A narrow stairwell descended into darkness. At the base, muted lanterns flickered across old stone walls carved with sigils, runes that pulsed faintly when Roy and Kieran passed, recognising their prana excluded from them into the air.
This was a place built for comfort and necessity.
Two turns later, they stepped into the central chamber.
An old war table dominated this room, its wooden surface covered in maps, sketches and documents. Iron lanterns hung from the vaulted ceiling, casting shadows that danced across stacks of arcane tomes. On the far wall stood a massive crystal glass wall, and inside, a woman glowed softly as if she were projected with a blue tint; it was Solenne Vale.
Another figure waited beside the table, a woman with her hair tied back in a low braid, a pair of brass chimes hanging at her wrist. Malen inclined her head in a greeting, her hand already starting to move in a quiet welcome.
"You're late," Solenne said, her voice echoing faintly. It wasn't a reproach; it was simply an observation.
"We came as soon as the bell rang," Kieran replied.
Solenne's fingers moved over a sigil interface. A map appeared in hovering light above the table. Rough plains, broken cliffs and a winding valley carved into the earth like an old scar.
"Location: Eloir Valley, which is remote, sparsely populated, and with no outposts nearby. Three days ago, a villa was annihilated. An entire family has been massacred."

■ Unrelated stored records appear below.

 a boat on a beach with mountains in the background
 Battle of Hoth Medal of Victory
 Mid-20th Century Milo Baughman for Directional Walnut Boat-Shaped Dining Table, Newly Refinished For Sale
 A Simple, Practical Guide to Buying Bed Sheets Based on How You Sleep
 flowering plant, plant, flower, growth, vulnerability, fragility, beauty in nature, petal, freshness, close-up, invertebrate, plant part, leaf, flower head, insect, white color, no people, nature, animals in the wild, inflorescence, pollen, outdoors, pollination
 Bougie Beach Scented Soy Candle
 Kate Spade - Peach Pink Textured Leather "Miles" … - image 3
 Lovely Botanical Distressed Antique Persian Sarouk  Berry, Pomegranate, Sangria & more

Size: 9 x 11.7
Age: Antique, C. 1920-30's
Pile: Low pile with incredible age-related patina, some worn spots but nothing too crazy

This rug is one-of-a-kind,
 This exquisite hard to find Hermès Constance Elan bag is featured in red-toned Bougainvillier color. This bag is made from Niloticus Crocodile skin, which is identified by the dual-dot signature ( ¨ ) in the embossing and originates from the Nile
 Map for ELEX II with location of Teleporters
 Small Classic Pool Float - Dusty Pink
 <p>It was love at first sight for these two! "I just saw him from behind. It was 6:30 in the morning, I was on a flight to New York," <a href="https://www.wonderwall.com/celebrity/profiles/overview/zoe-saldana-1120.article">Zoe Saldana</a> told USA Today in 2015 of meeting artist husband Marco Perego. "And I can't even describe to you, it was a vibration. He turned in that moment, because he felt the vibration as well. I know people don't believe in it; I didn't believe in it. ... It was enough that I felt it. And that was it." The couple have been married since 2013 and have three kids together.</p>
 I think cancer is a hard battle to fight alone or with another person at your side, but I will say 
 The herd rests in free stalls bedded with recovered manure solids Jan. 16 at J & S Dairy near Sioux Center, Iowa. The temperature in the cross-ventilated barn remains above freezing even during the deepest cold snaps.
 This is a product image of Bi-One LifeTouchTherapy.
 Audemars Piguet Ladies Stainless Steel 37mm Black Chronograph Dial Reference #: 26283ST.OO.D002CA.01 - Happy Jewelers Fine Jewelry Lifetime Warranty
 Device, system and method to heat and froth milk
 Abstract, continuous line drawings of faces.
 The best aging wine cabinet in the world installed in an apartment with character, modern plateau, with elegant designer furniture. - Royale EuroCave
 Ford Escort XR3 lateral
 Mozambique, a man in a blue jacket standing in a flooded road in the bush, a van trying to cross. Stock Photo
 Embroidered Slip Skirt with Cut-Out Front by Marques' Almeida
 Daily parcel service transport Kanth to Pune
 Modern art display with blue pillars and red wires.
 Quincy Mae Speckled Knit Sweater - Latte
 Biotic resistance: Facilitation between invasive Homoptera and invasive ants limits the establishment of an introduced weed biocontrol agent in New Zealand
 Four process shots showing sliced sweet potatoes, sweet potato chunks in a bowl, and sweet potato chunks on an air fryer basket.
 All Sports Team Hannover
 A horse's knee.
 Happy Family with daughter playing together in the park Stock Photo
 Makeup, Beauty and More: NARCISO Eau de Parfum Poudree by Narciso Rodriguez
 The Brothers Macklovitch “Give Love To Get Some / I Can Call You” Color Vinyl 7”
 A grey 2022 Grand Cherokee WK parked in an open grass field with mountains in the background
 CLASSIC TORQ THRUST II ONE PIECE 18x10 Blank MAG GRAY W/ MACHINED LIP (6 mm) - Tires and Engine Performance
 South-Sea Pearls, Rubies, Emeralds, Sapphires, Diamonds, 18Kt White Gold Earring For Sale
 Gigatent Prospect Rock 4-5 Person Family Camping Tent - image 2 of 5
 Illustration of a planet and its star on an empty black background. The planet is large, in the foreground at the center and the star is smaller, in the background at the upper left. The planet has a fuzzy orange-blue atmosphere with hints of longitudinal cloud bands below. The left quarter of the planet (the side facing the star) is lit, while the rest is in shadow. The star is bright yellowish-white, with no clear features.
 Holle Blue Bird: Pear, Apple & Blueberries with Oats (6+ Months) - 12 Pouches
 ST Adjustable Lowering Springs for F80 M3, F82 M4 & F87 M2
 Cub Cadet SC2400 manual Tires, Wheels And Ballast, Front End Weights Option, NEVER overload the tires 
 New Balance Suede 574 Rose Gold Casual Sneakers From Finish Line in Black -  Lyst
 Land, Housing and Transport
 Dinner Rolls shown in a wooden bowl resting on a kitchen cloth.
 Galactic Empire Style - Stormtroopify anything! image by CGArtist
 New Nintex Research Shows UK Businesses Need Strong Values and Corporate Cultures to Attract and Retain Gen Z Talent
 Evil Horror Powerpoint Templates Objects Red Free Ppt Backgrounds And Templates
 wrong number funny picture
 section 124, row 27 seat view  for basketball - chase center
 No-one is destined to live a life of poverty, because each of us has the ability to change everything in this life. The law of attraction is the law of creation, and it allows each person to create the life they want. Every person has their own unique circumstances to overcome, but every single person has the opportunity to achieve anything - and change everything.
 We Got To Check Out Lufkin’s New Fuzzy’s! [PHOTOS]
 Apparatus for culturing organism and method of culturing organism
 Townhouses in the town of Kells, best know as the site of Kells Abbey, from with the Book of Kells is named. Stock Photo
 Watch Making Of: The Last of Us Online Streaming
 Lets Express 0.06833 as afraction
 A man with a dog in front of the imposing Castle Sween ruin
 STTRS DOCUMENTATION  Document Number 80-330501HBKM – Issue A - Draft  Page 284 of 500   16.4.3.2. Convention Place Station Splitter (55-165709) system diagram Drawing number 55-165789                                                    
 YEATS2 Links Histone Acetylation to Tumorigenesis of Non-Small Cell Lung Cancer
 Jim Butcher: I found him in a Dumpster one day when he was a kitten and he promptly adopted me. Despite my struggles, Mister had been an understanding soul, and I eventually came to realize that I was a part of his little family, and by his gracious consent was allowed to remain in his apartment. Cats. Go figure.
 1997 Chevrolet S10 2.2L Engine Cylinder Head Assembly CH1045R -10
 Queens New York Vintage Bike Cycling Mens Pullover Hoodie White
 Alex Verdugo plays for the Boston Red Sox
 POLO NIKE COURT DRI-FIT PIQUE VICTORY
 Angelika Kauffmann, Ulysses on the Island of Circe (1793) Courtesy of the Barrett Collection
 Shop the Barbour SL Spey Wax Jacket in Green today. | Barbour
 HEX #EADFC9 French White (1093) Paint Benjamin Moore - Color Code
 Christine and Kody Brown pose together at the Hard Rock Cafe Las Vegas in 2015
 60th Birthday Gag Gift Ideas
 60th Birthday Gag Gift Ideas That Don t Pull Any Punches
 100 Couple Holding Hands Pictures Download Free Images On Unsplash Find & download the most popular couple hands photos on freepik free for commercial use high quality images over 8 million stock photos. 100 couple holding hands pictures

"The Celestial Watch has called it a mass murder," Roy murmured as he heard it on the news.
"Correct," Soleene said from the crystal glass wall. "The official statement claims that the culprit tore through the estate without provocation."
Another tap, and the map zoomed in, revealing a blood-red symbol that marked the destroyed villa.
"He is currently in flight. Last known movements put him heading north towards the border forests."
She then paused. Something subtle shifted in her voice.
"What is not in the official statement is how the man ended up in that villa in the first place."
Malen raised her hand and signed: he was acquired. Sold. Used like a caged animal for their amusement.
Kieran's jaws clenched.
Roy said nothing.
Solenne continued, "He was removed from his town two years ago under the pretence of national service. In truth, he was kept and used by the Langworth family, a distant relative of the king. The violence was sudden, born out of desperation. And now that truth has been buried beneath a single headline: 'Terrorist Slaughters Members of The Royal Family.'"
She shifted the map.
A different symbol appeared, a golden circle split into ten branches.
The seal of the Celestial Watch.
"They have already dispatched a tracking unit. What division is unknown? They will arrive within the next 24 hours, but we assume it might be the Recon Division."
Roy stepped to the edge of the table. "Our objective?"
"Simple. Reach him first," Solenne said. "Learn everything. If his reasons are justified, assist in extraction and escort him out of the area. If not…"
Her eyes sharpened.
"...Terminate him."
A heavy silence settled over the chamber. Then Roy reached down and picked up the folder lying on the table, the name scrawled in black across the front. Aleron Veris.
He puts the file down and walks back the other way.
"We leave tonight."
Kieran nodded once.
FSHHH.
Night fell like a blade drawn across the horizon. The moonlight dressed the land in a gleaming white layer.
Within the silent gloom of Nova in Veils armoury, Roy checked the straps of his black coat, tucked his gloves into place and lifted the collapsable mask from its stand. Black steel edges melding into a sleek, curved surface with that single ornate stone hanging from its left side.
He didn't put it on yet. Only held it. Looking at it.
It meant something to him. The teardrop of the crimson jewel.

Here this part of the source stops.